Como vai ser garantida, por um lado, a qualidade e a segurança, e por outro, o respeito pelos preceitos da Economia Circular dos resíduos transformados em matérias-primas? O SWP prepara algum selo de qualidade que possa dissuadir eventuais dúvidas dos consumidores?

Esta é uma excelente questão que é importante ser muito acautelada. É uma grande preocupação ao nível das instituições comunitárias. Temos nota que em Espanha as Entidades Gestoras de certificação, como é o caso da AENOR, têm já imenso trabalho feito. O SWP vai convocar, muito brevemente, as principais empresas de certificação para discutir esta matéria, sendo, em nosso entender, a figura do SELO algo que poderá transmitir ao Consumidor a garantia que este precisa para confiar no produto.

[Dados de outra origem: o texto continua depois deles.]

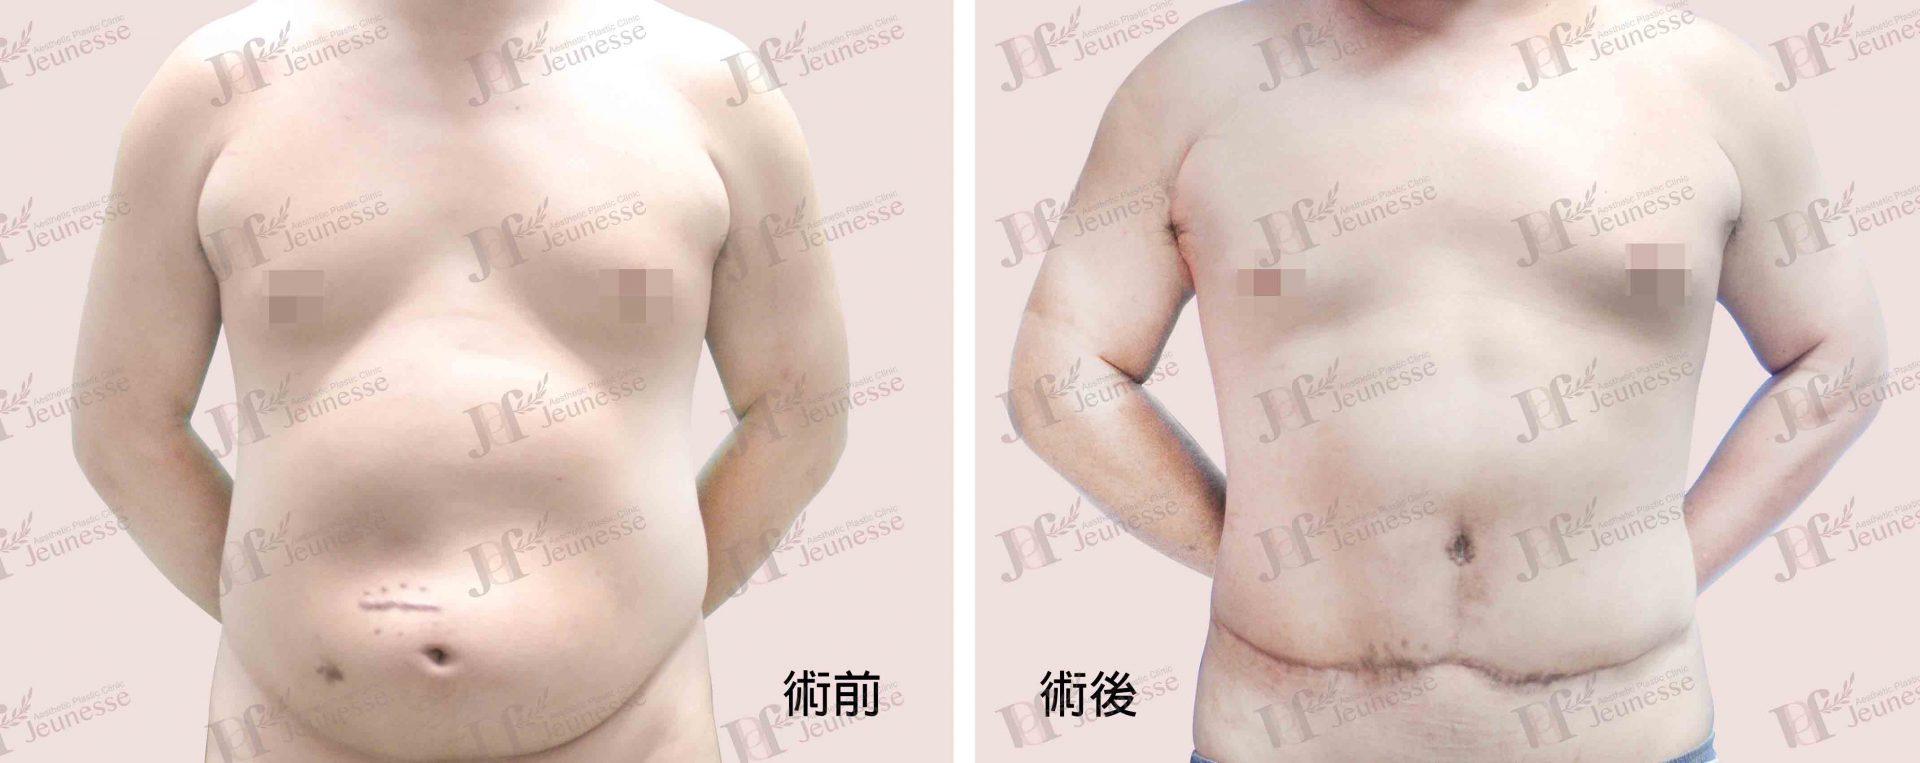 Abdominoplasty腹部成形術及抽脂手術 case 2 正面-浮水印

Segundo o Estudo sobre a Relevância do Setor dos Resíduos em Portugal na Perspetiva de uma Economia Circular, a construção é o setor com maior contributo potencial para a circularidade em Portugal. Que tipo de aproximação o SWP está a fazer às empresas deste ramo?

O setor da construção teve um forte abalo nos últimos anos, tendo desparecido a grande maioria das empresas de referência que tínhamos em Portugal. O setor, com o incremento do Turismo, mostra, agora, alguma retoma. O SWP vai priorizar, no seu plano de ação, o relacionamento com as associações empresariais, passando depois para as empresas.

O SWP tem em vista protocolos com entidades oficiais (Agência Portuguesa do Ambiente, por exemplo)? Se sim, de que natureza?

O SWP pretende, no intuito de colocar na agenda e ordem do dia a temática da Economia Circular, desenvolver parcerias, iniciativas e acordos que envolvam entidades públicas e privadas e os atores principais desta temática, por um lado o consumidor e por outro lado as empresas. Daí que a minha resposta é que seguramente sim, teremos propostas a fazer à APA, como Autoridade Nacional de Resíduos.

Que mensagem gostaria de deixar aos seus associados?

Não só dirigida aos nossos associados, a mensagem que gostaria de estender a todos aqueles que apoiam a nossa associação é a firme certeza de que não queremos nem podemos esmorecer, perante o risco de perdermos uma grande oportunidade, talvez a maior ou, diria até, a mais completa oportunidade, de vivificarmos Portugal, de reconstruirmos a indústria, de inovarmos nos nossos processos e produtos e de criarmos cidadãos mais conscientes.

Aires Pereira preside à Câmara Municipal da Póvoa de Varzim desde 2013. É também Presidente do Conselho de Administração da Lipor desde o mesmo ano. Representa a Associação Nacional de Municípios Portugueses no Conselho Consultivo da ERSAR.